Gerry Pugliese - January 8, 2008 1:18 PM

Hey Ambulance Nurse-

Dr. Fuhrman isn't much for buzz words, but, this post will give you an idea about calories and stomach capacity:

http://www.diseaseproof.com/archives/weight-loss-foods-that-make-you-thin.html

Peace.
-Gerry

Tom J - July 25, 2010 1:00 PM

I'm really disappointed with the chocolate cake recipe. I like experimenting with recipes and this one looked interesting. It is awful. I followed the recipe exactly. The sides and bottom of the cake burned and the inside is still gooey. It tastes like a gooey vegetable pudding with a very mild chocolate sauce on top. A huge waste of time and money, given the expensive ingredients

Elizabeth M - April 12, 2011 10:28 PM

I just made the chocolate cake today and it is awesome! Delicious and moist. It is dense and certainly not Duncan Hines Cake, but we love it. My cake did not burn and was done inside. Three of us made it together in my family and it was fun! Look at the nutrition in this!
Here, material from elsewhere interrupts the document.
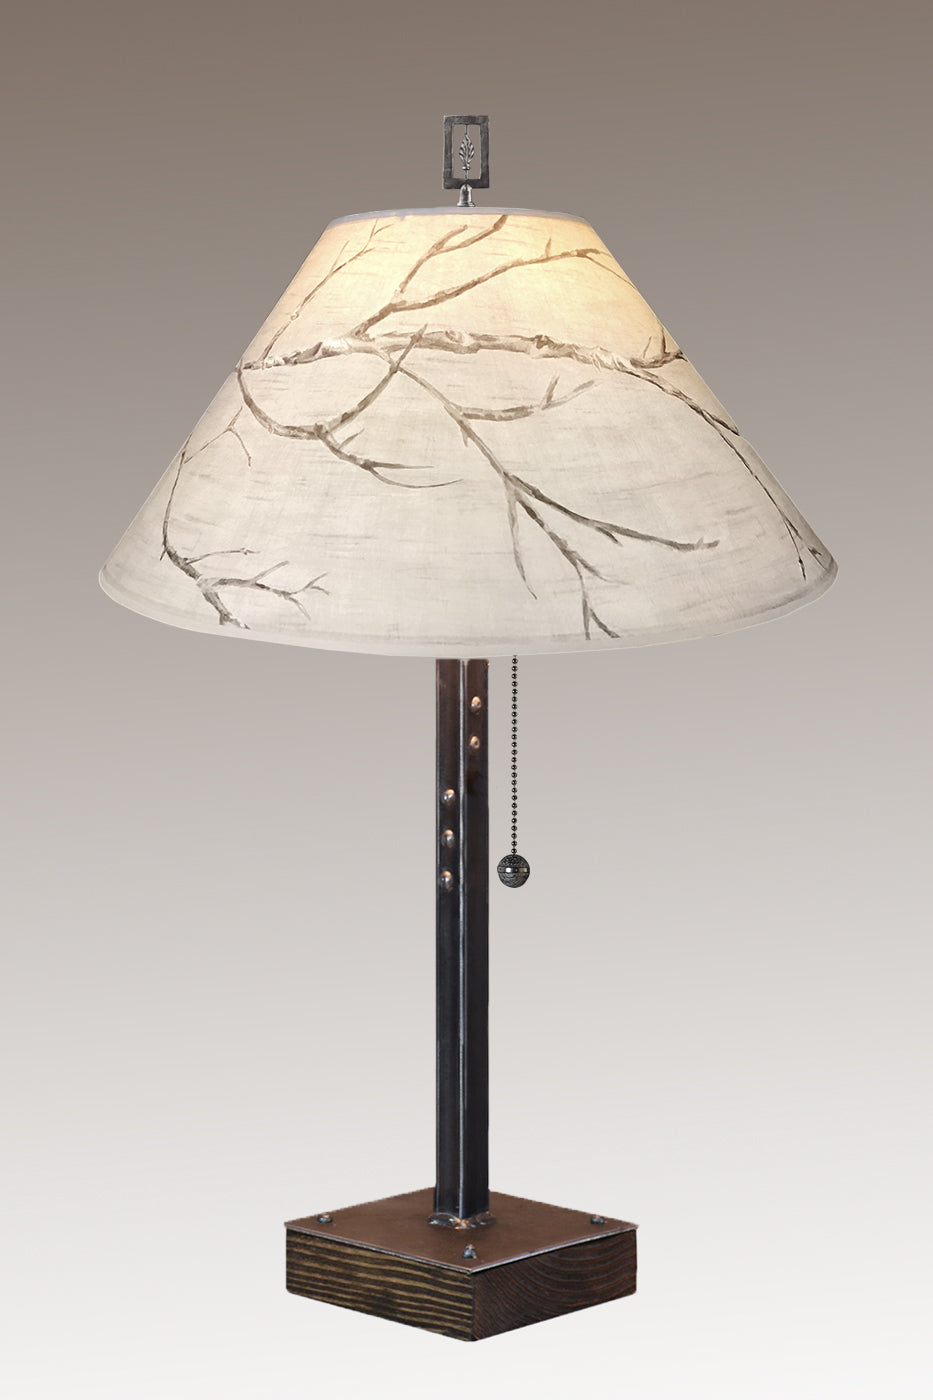 Janna Ugone &amp; Co Table Lamps Steel Table Lamp on Wood with Large Conical Shade in Sweeping Branch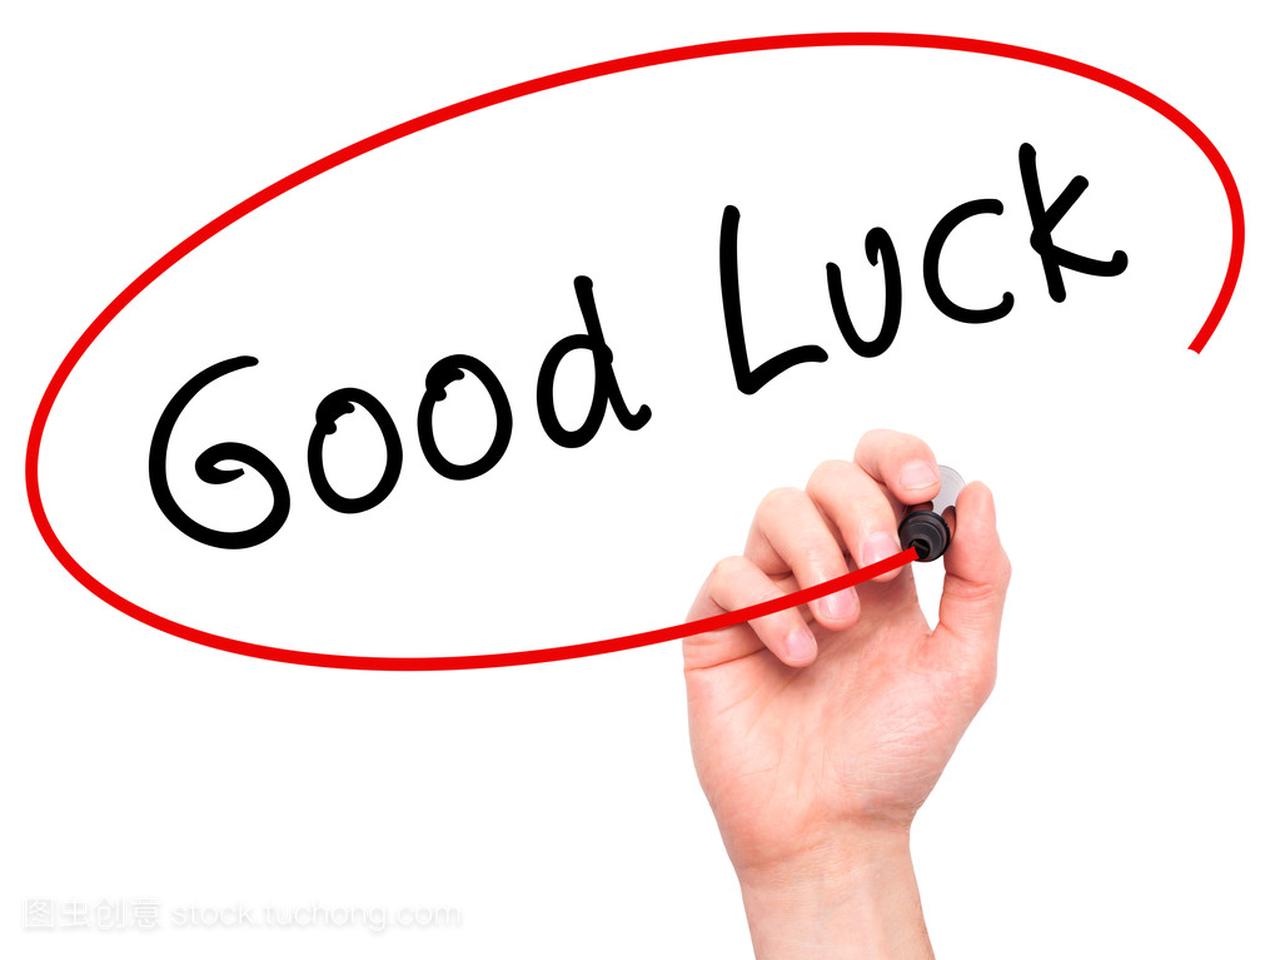 Man Hand writing Good Luck with marker on transparent wipe board

Dp - August 27, 2011 6:09 PM

I had a similar experience with the cake, but I solved it by leaving it in the oven quite a bit longer and changing my expectations. It's not cake like we are used to, because that is junk food relying on processed and unhealthy ingredients. What it is, is a tasty, healthy dessert that even my kids love -- as long as I don't try to make them think it's cake like they get at their grandparents' house when I'm not around.
Why not call it pudding, or molten chocolate cake?